--- About this exercise ---
Could you output each line below precisely as it stands, without the images?

--- Supplied material ---
----

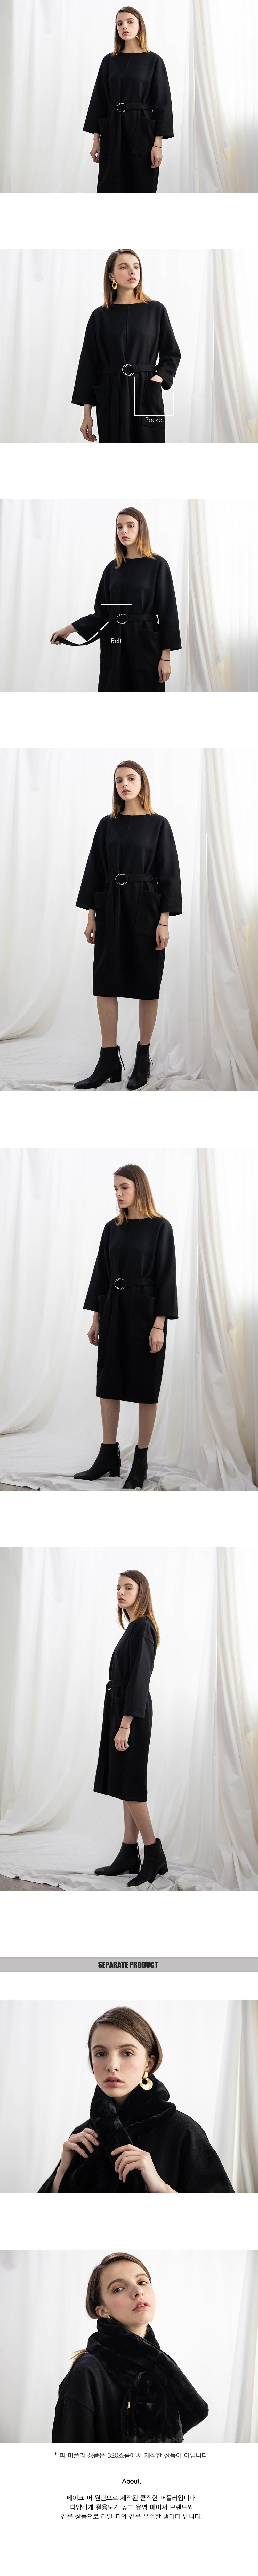 pocket-dress-black_02.jpg
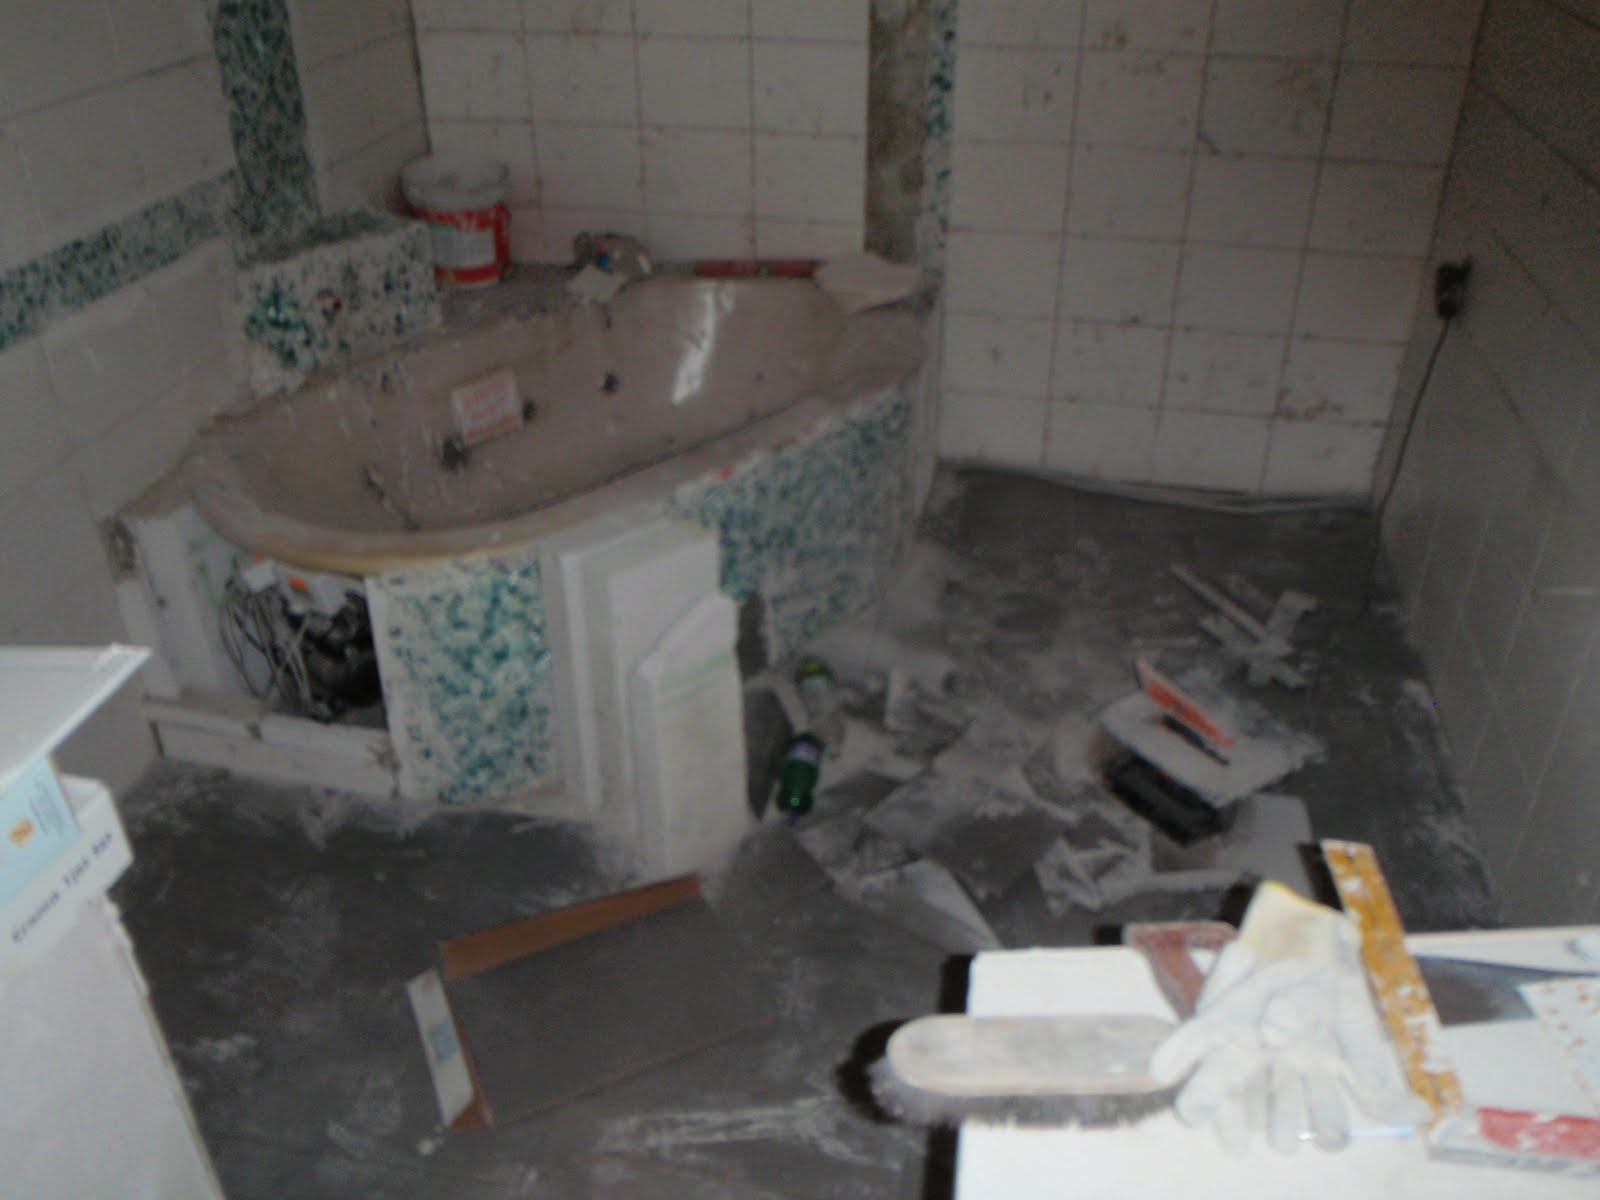 Wellnessraum keller  Zieglers bauen Haus: Mai 2011
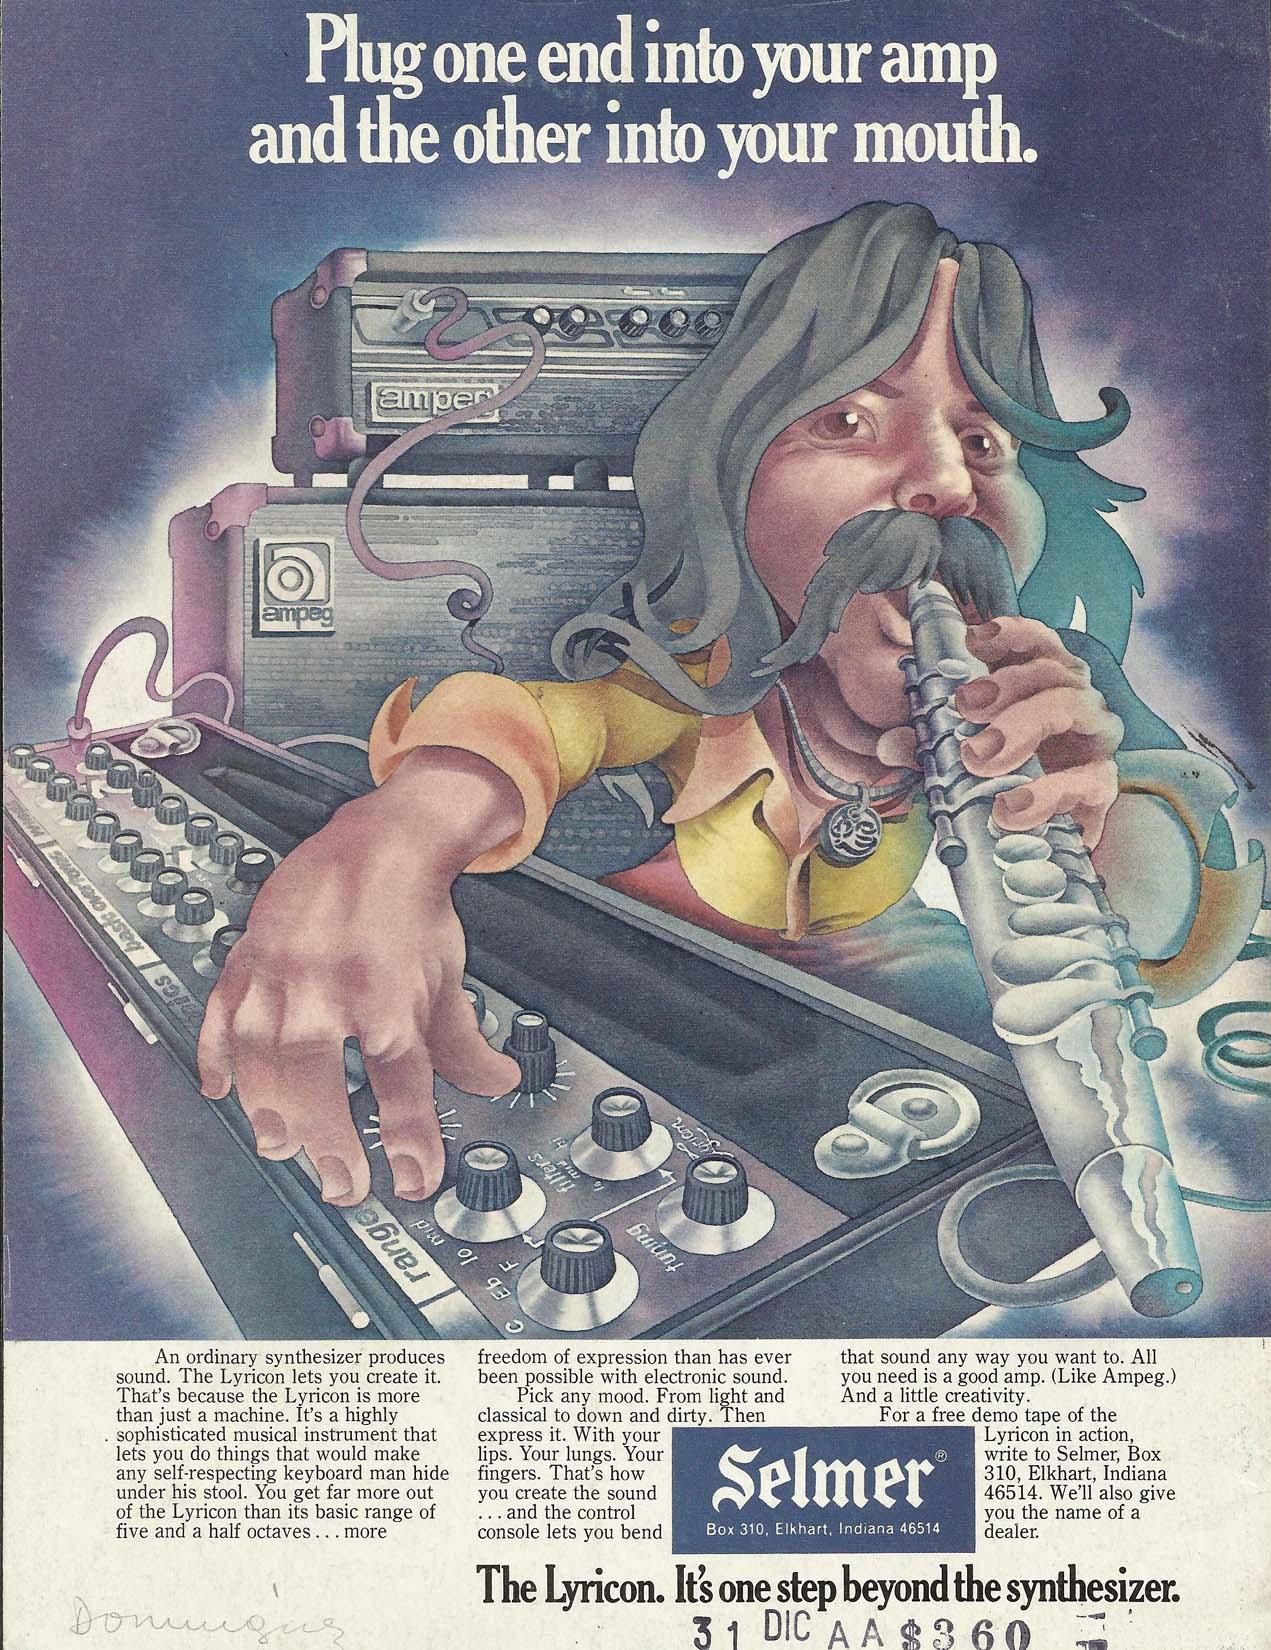 1975 Lyricon Ad

----

--- Result ---
 pocket-dress-black_02.jpg
 Wellnessraum keller  Zieglers bauen Haus: Mai 2011
 1975 Lyricon Ad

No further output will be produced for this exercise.